Making History Readable
This work addresses the problem of accessing and using historical collections for library users, but it is incremental as it applies existing AI methods to new data.
The authors tackled the challenge of making historical documents with complex layouts, faded imagery, and hard-to-read handwritten text more accessible by integrating AI into a digital library platform, resulting in improved searchability and navigation through handwriting recognition, text extraction, and LLM-based summarization.

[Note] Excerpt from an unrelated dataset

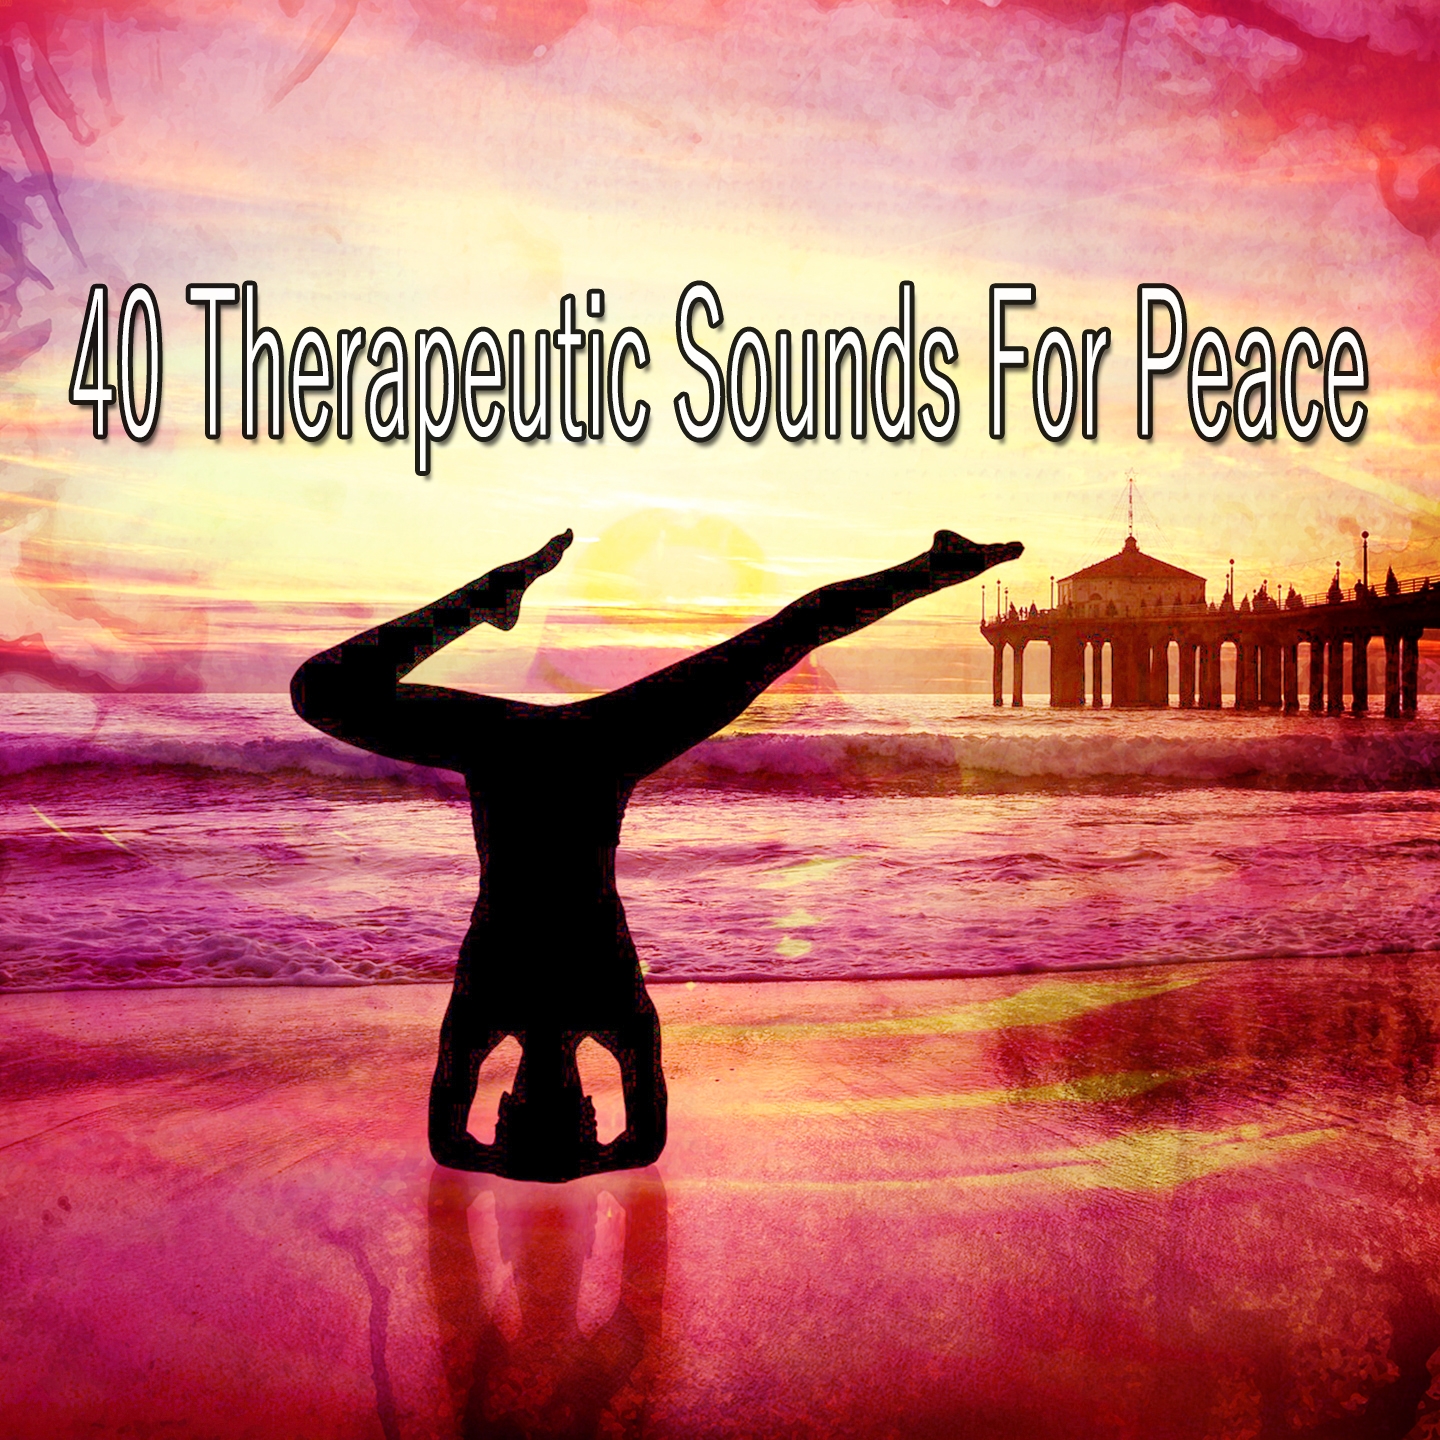 40 Therapeutic Sounds For Peace

The Virginia Tech University Libraries (VTUL) Digital Library Platform (DLP) hosts digital collections that offer our users access to a wide variety of documents of historical and cultural importance. These collections are not only of academic importance but also provide our users with a glance at local historical events. Our DLP contains collections comprising digital objects featuring complex layouts, faded imagery, and hard-to-read handwritten text, which makes providing online access to these materials challenging. To address these issues, we integrate AI into our DLP workflow and convert the text in the digital objects into a machine-readable format. To enhance the user experience with our historical collections, we use custom AI agents for handwriting recognition, text extraction, and large language models (LLMs) for summarization. This poster highlights three collections focusing on handwritten letters, newspapers, and digitized topographic maps. We discuss the challenges with each collection and detail our approaches to address them. Our proposed methods aim to enhance the user experience by making the contents in these collections easier to search and navigate.